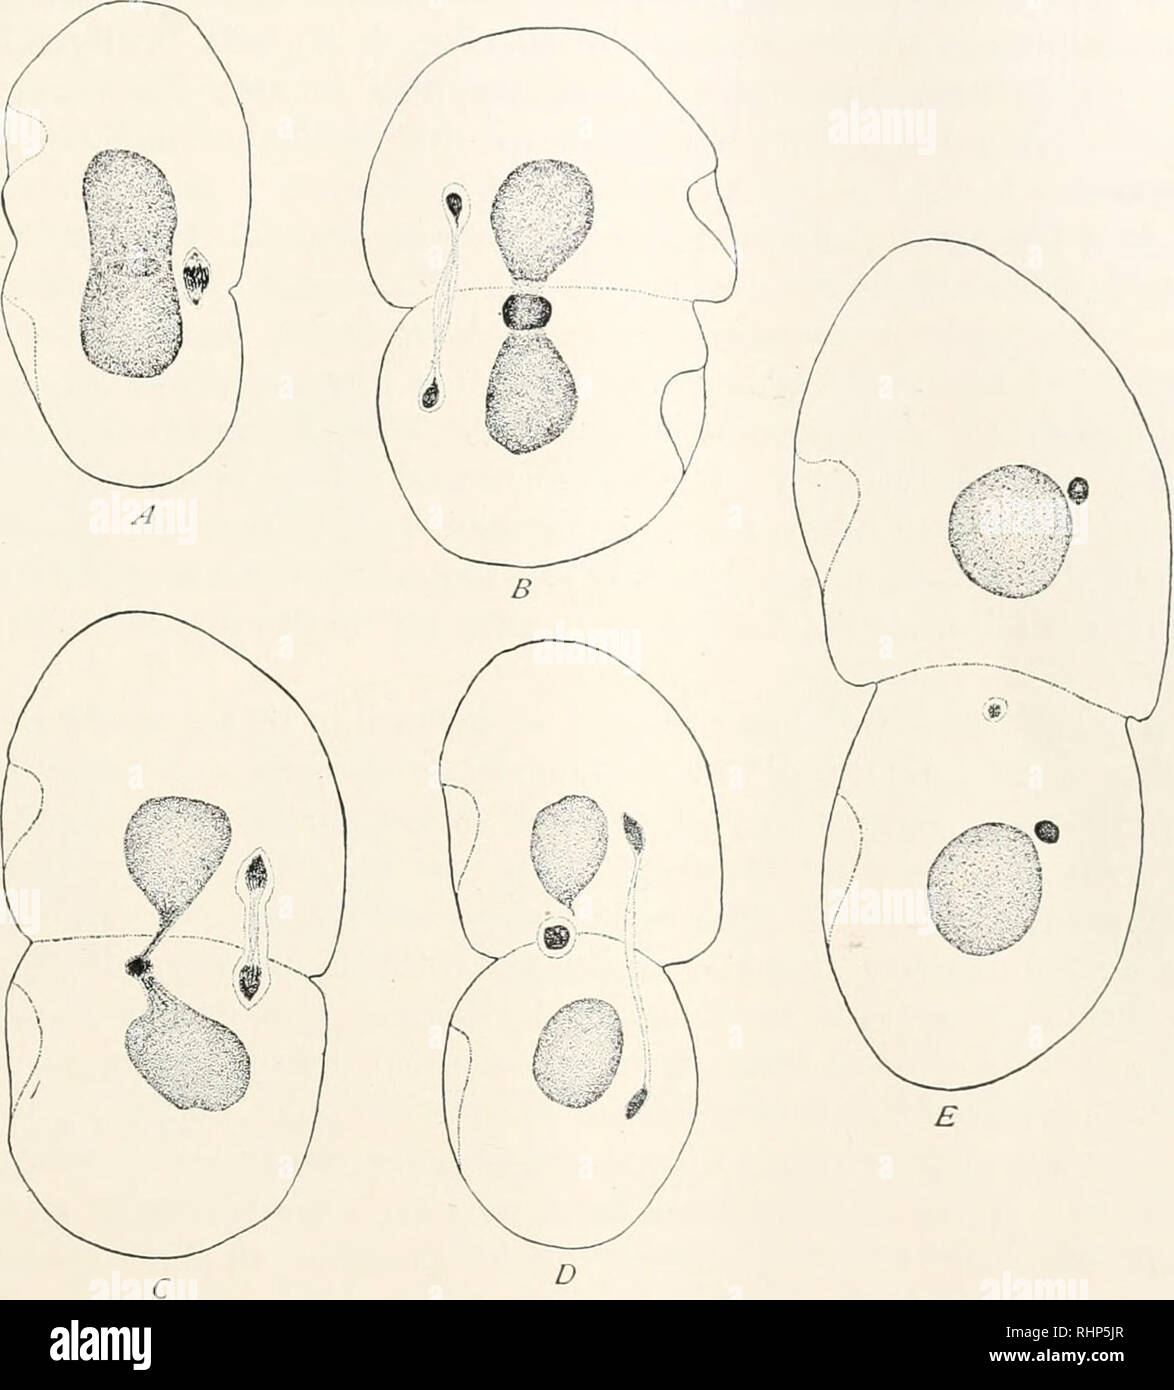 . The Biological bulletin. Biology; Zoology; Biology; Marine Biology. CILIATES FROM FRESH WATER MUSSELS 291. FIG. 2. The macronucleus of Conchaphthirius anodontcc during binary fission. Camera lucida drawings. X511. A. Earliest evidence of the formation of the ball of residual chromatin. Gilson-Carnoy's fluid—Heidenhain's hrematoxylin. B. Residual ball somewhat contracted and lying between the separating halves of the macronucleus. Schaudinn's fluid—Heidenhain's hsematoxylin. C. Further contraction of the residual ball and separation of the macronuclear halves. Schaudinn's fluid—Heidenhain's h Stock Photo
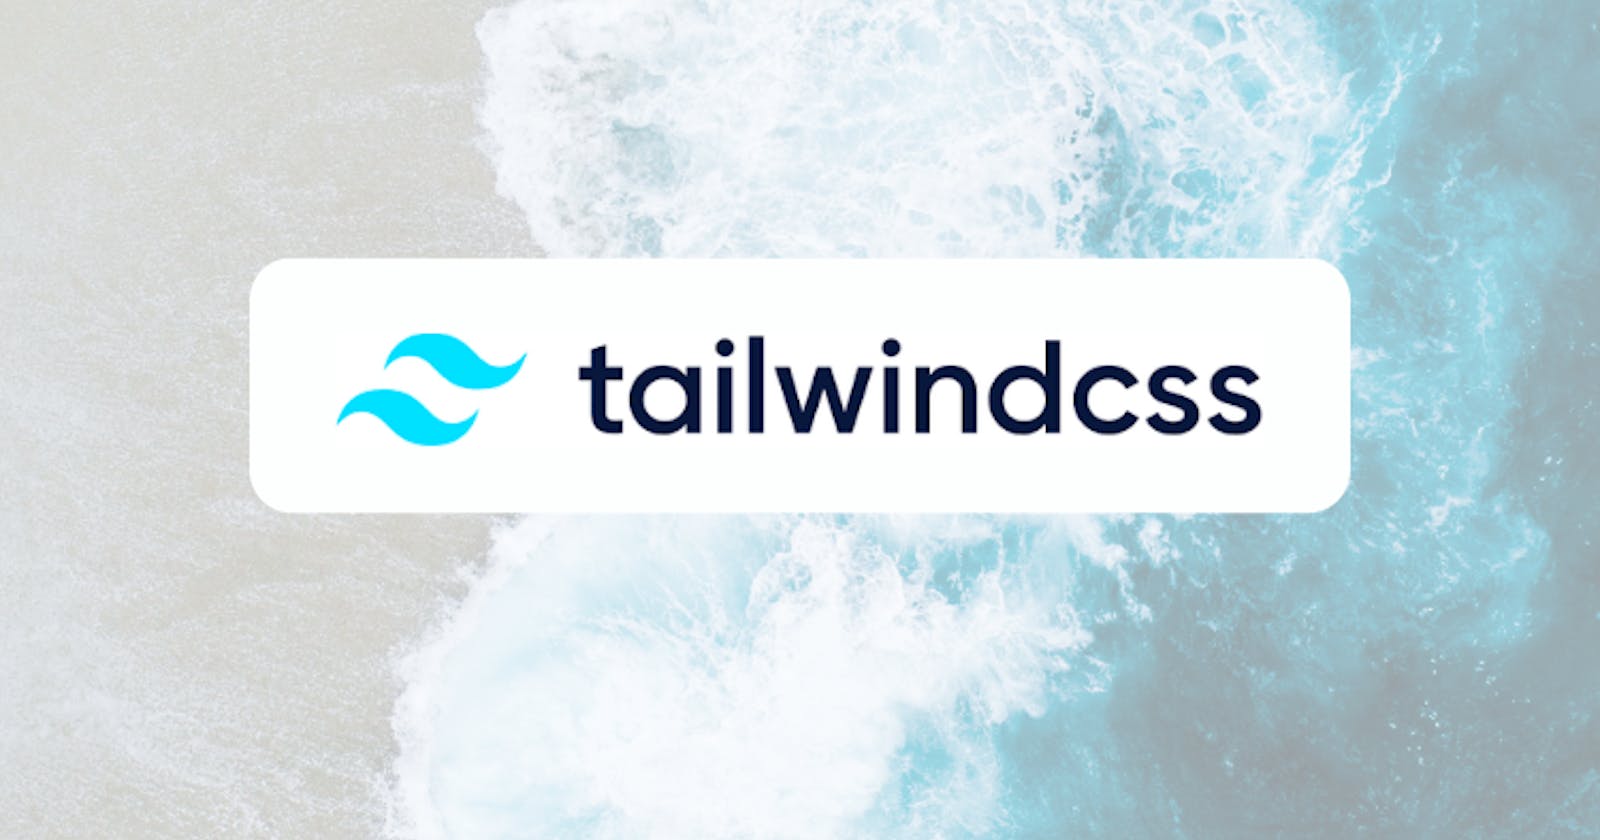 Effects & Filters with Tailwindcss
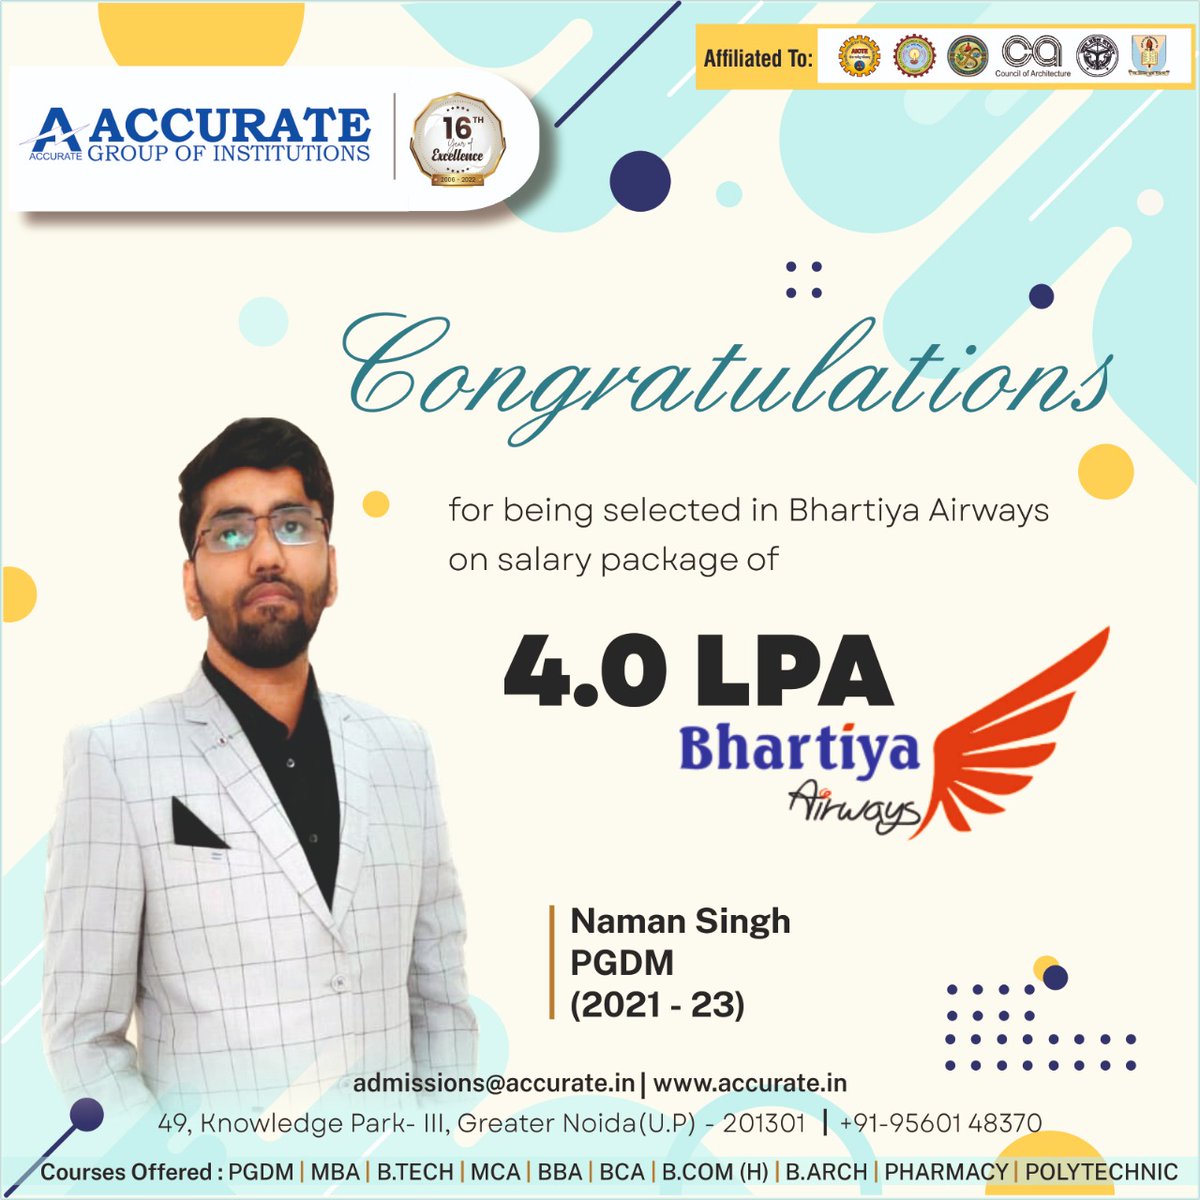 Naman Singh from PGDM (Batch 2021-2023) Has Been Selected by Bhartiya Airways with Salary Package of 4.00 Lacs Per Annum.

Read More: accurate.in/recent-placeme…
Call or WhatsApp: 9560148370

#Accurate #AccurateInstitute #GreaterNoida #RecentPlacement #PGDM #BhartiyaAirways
============
■ WORK REQUEST ■
Every entry must be written out exactly, with all pictures left out.

■ RESULT FOR THIS TASK ■
 . The Biological bulletin. Biology; Zoology; Biology; Marine Biology. CILIATES FROM FRESH WATER MUSSELS 291. FIG. 2. The macronucleus of Conchaphthirius anodontcc during binary fission. Camera lucida drawings. X511. A. Earliest evidence of the formation of the ball of residual chromatin. Gilson-Carnoy's fluid—Heidenhain's hrematoxylin. B. Residual ball somewhat contracted and lying between the separating halves of the macronucleus. Schaudinn's fluid—Heidenhain's hsematoxylin. C. Further contraction of the residual ball and separation of the macronuclear halves. Schaudinn's fluid—Heidenhain's h Stock Photo
 Effects & Filters with Tailwindcss
 Naman Singh from PGDM (Batch 2021-2023) Has Been Selected by Bhartiya Airways with Salary Package of 4.00 Lacs Per Annum.

Read More: accurate.in/recent-placeme…
Call or WhatsApp: 9560148370

#Accurate #AccurateInstitute #GreaterNoida #RecentPlacement #PGDM #BhartiyaAirways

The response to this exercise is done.